Decision Support Panel AB
- Company type: Private
- Industry: Business intelligence, business analysis, software
- Founded: 1999
- Headquarters: Stockholm, Sweden
- Key people: Jan Morath, CEO Håkan Ebersjö, SVP Sales Hervé Capo, CTO Errah Seno, Marketing Manager
- Products: Performance Canvas

= Decision Support Panel =

DSPanel AB (earlier Decision Support Panel AB) is a software publisher based in Stockholm, Sweden.

==About==
DSPanel AB, founded in 1999, markets Microsoft Office-based Enterprise Performance Management and business intelligence software.
Presently, DSPanel continues to provide software and partner with other companies from different sectors such as Hospitality and Entertainment, Manufacturing, Distribution, Retail, Services, Health care. DSPanel also collaborates with original equipment manufacturers to attain a wider reach of its products – Epicor, Cadeia, Évry, and STC.

In 1999, the first product DSP Outlook Edition was developed. Today, it is still being used by over 800 customers worldwide and the newer versions of Performance Canvas product primarily used by OEMs that embed it in their products.

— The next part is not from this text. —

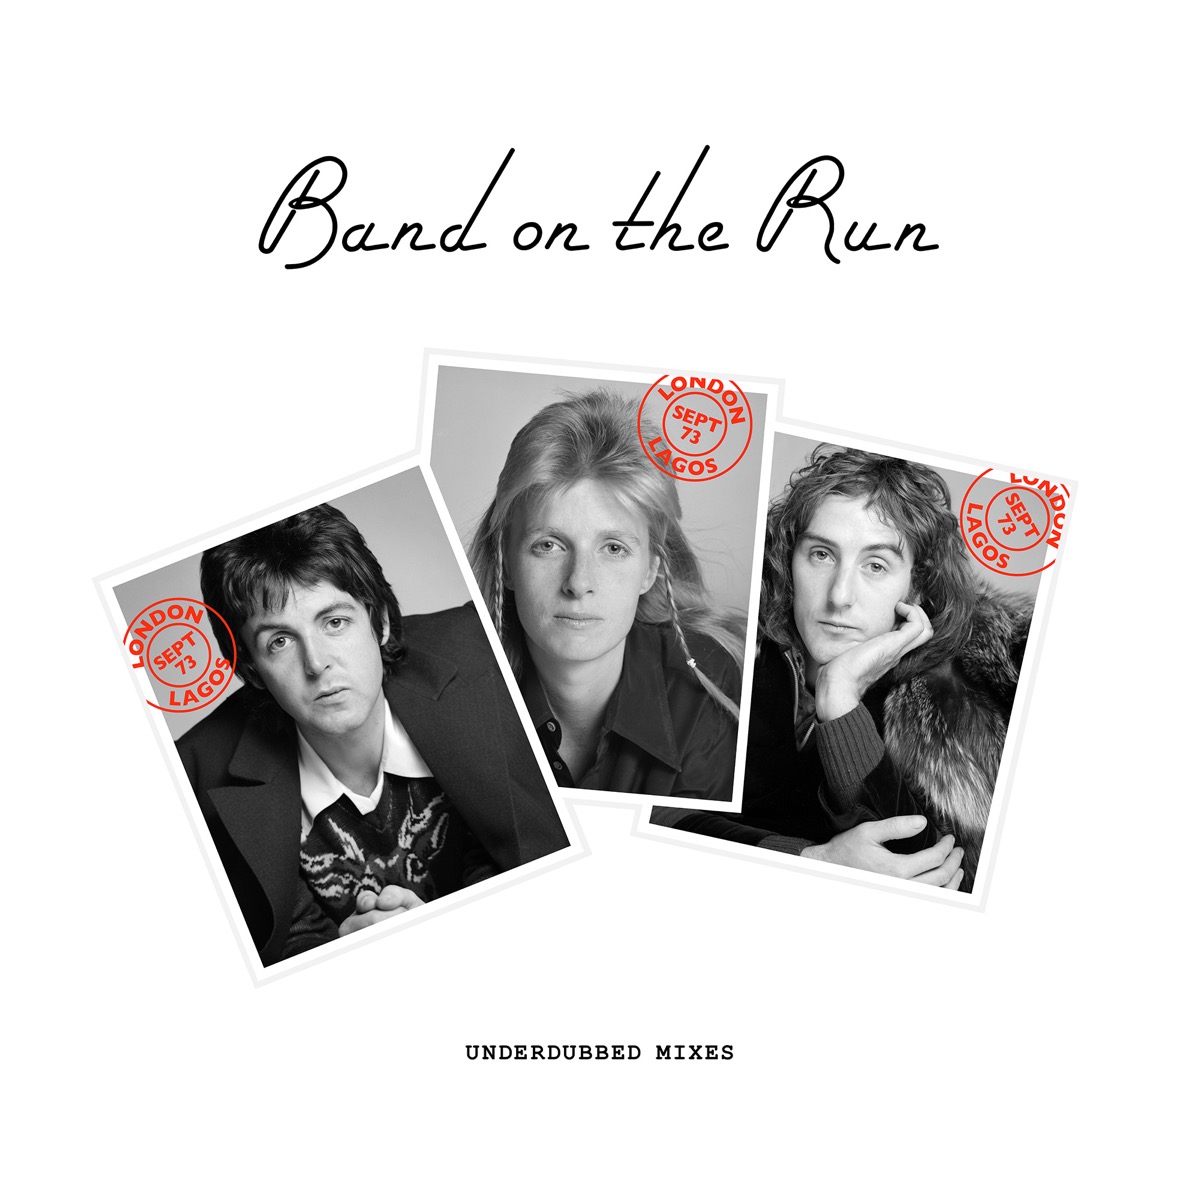 "Band on the Run" by Paul McCartney and Wings album cover

In 2007, DSPanel launched a new generation of tools under the name “Performance Canvas” where the information worker is now mobile and the technology utilized is pervasive and diverse with the Microsoft BI stack enhanced.
This generation of Performance Canvas products removed the Microsoft SharePoint requirement and broadened support for data sources to include IBM Cubing Services, SAP Business Warehouse, and relational data sources from various vendors.

In 2013, DSPanel focused on providing Financial Enterprise Performance Management including budgets, forecasts, reports, as well as Key Performance Indicators.

In 2014, DSPanel offers a series of Performance Canvas products such as:
- pcMobile
- pcFinancials – Microsoft based Planning, Budgeting, Reporting, and Consolidating tool.
- pcLegal
- Portal Edition
- pcAppCloud
- EFP – sold by Epicor

In 2015, Significant changes are introduced to their pcFinancials product. AR/AP modules may now also be added on top of its pre-built planning, budgeting, and reporting tool.